Here, photography was co-opted as a tool of statecraft, not condemned. The camera was seen as a way to counter European narratives and assert Muslim agency on the global stage.
Persia: From Superstition to Strategy
In Qajar Iran, photography arrived with court patronage. Nasir al-Din Shah, a keen admirer of Western technology, became one of the first Muslim rulers to personally take photographs. His private albums include images of women from his harem, military parades, and self-portraits.
Yet among the broader public, resistance lingered. Some rural and religious communities believed photography could steal the soul or bring spiritual harm. Still, photography gained ground as elites used it to assert social status and modern identity.
South Asia: A Battleground of Faith and Colonialism
Under British rule, photography in India was both a colonial instrument and a site of cultural negotiation. British authorities used it to classify and catalog Indians—often through racist, pseudoscientific methods. Muslims, already navigating their diminished status after the fall of the Mughal Empire, were caught between resistance to colonial gaze and a desire to modernize.
Some Indian Muslim reformers, like Sir Syed Ahmed Khan, supported photography as part of broader educational reform. Muslim photographers emerged, particularly in urban centers like Delhi and Lucknow, opening studios and photographing weddings, portraits, and religious ceremonies.
But opposition remained. In rural areas, and among conservative religious figures, photography was still seen as a moral and theological threat—an example of how technology could unsettle long-held norms.
Photography in Mosques and Sacred Spaces
One of the most sensitive issues was photographing religious sites or rituals. In some Muslim societies, it was considered sacrilegious. In others, photographs of Mecca and Medina, once introduced by Ottoman and later Egyptian and Indian publishers, became prized images—proof that modern technology could also serve faith.
By the 20th century, images of pilgrimage, mosques, and Islamic leaders became more widespread. Photography was increasingly integrated into Muslim life—though never without scrutiny.
Conclusion: From Suspicion to Integration
The Muslim response to photography was neither reactionary nor blindly progressive. It was a careful, contested process of negotiation—between religion and modernity, tradition and change, fear and fascination.
What Muslims “did” when photography arrived wasn’t a simple yes or no. Some banned it. Some embraced it. Most navigated a grey zone, as they have with every new tool from printing presses to satellite TV to social media.

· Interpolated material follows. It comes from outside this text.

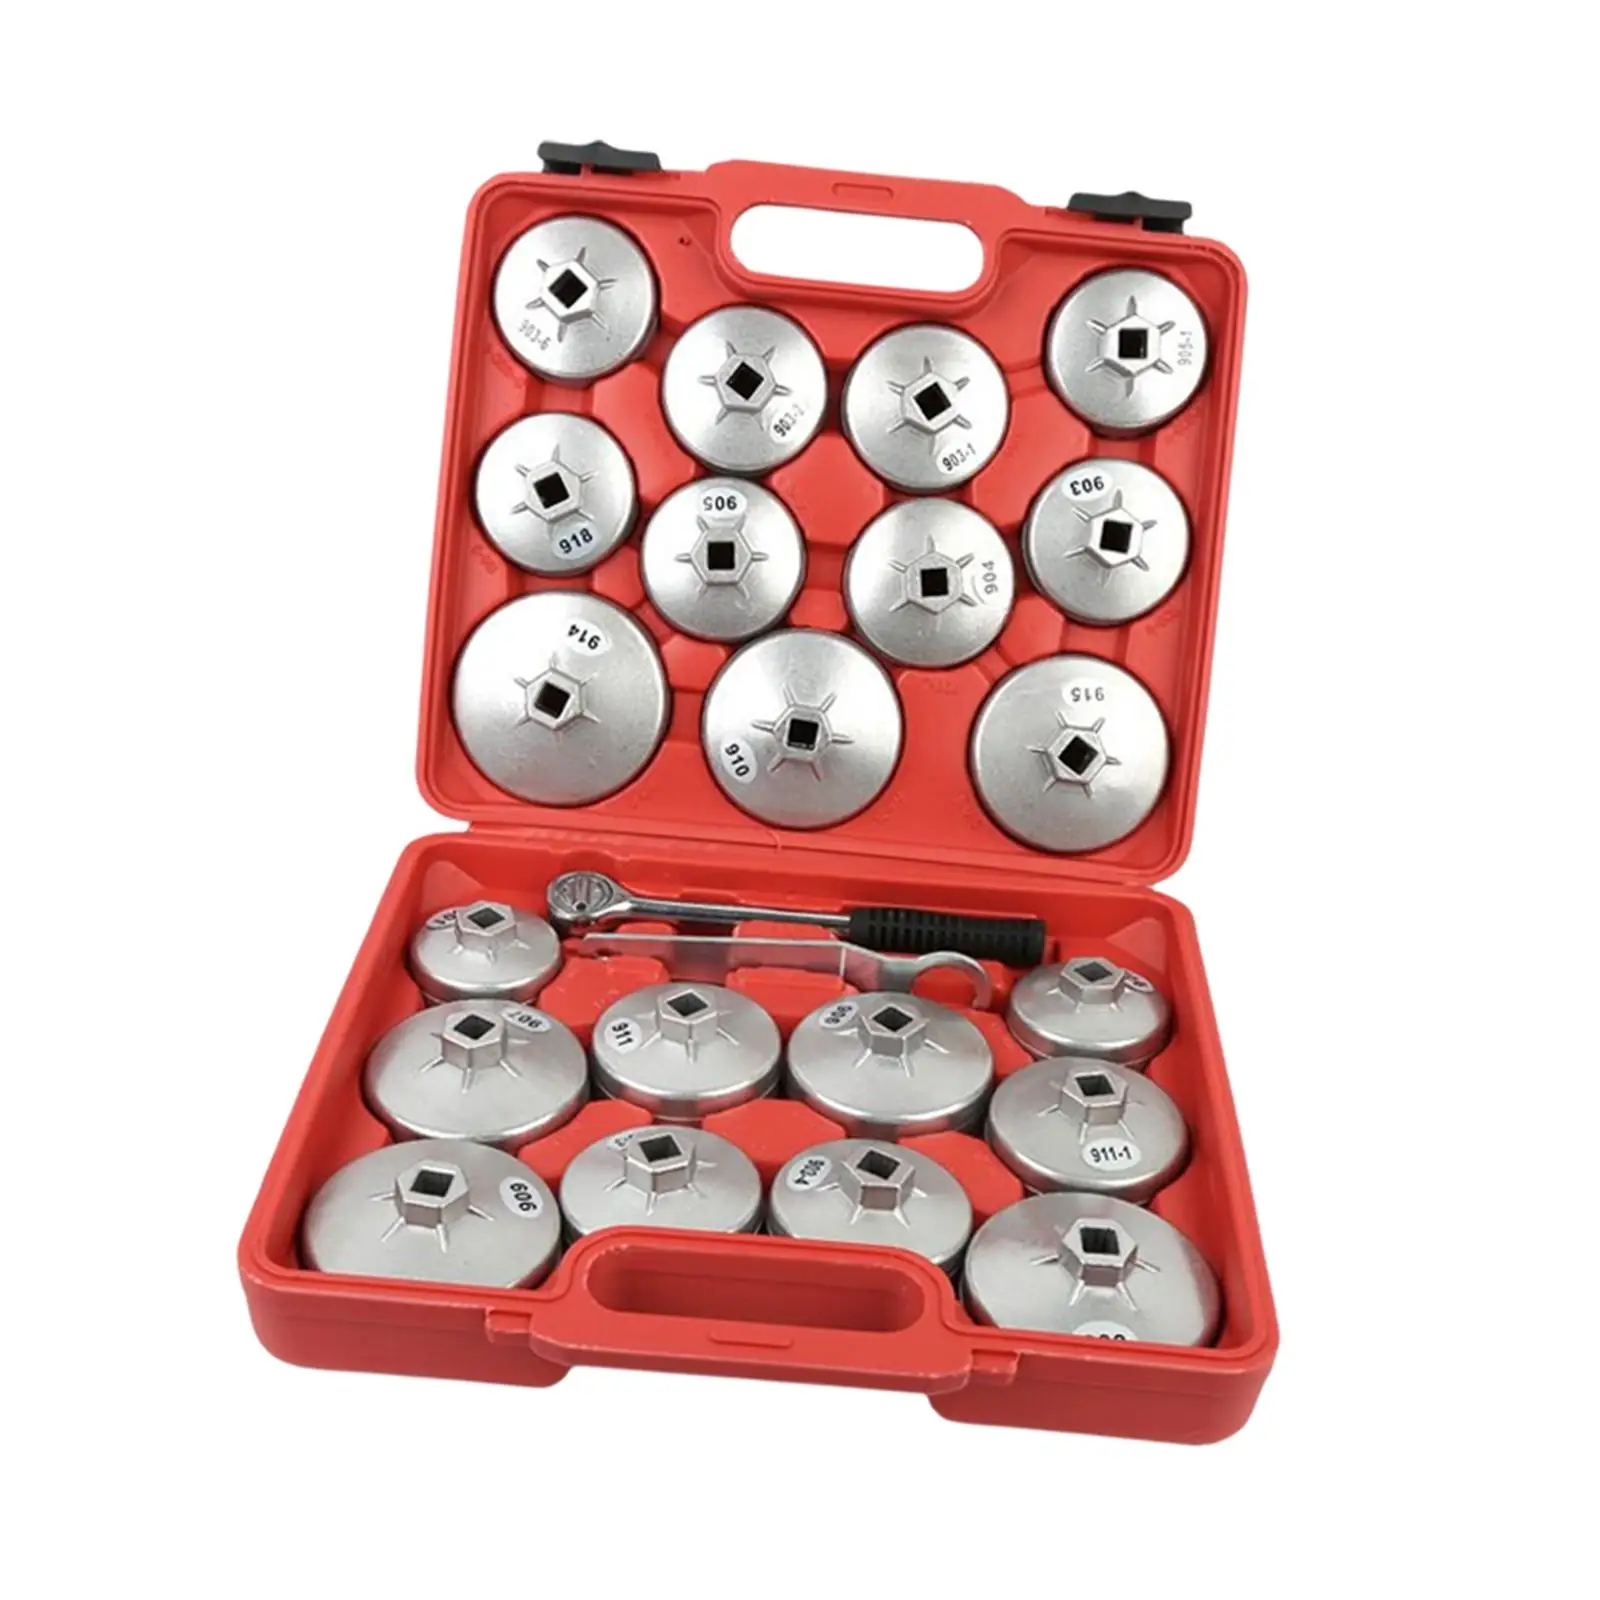 23Pcs Oil Filter Wrench Cup Set with Storage Case Silver Wrench Remover Fit for Audi Auto 901-915 Aluminium Alloy Car Supplies

What’s clear is this: photography, once suspect, is now deeply woven into Muslim societies. From ID cards to Instagram, it captures everything from prayer to protest. The journey from daguerreotype to digital has been long—but the debate it sparked remains alive, reflecting enduring tensions over image, representation, and power.
The writer is a Faculty member of Mathematics, Department of General Education SUC, Sharjah, UAE. Email: [email protected]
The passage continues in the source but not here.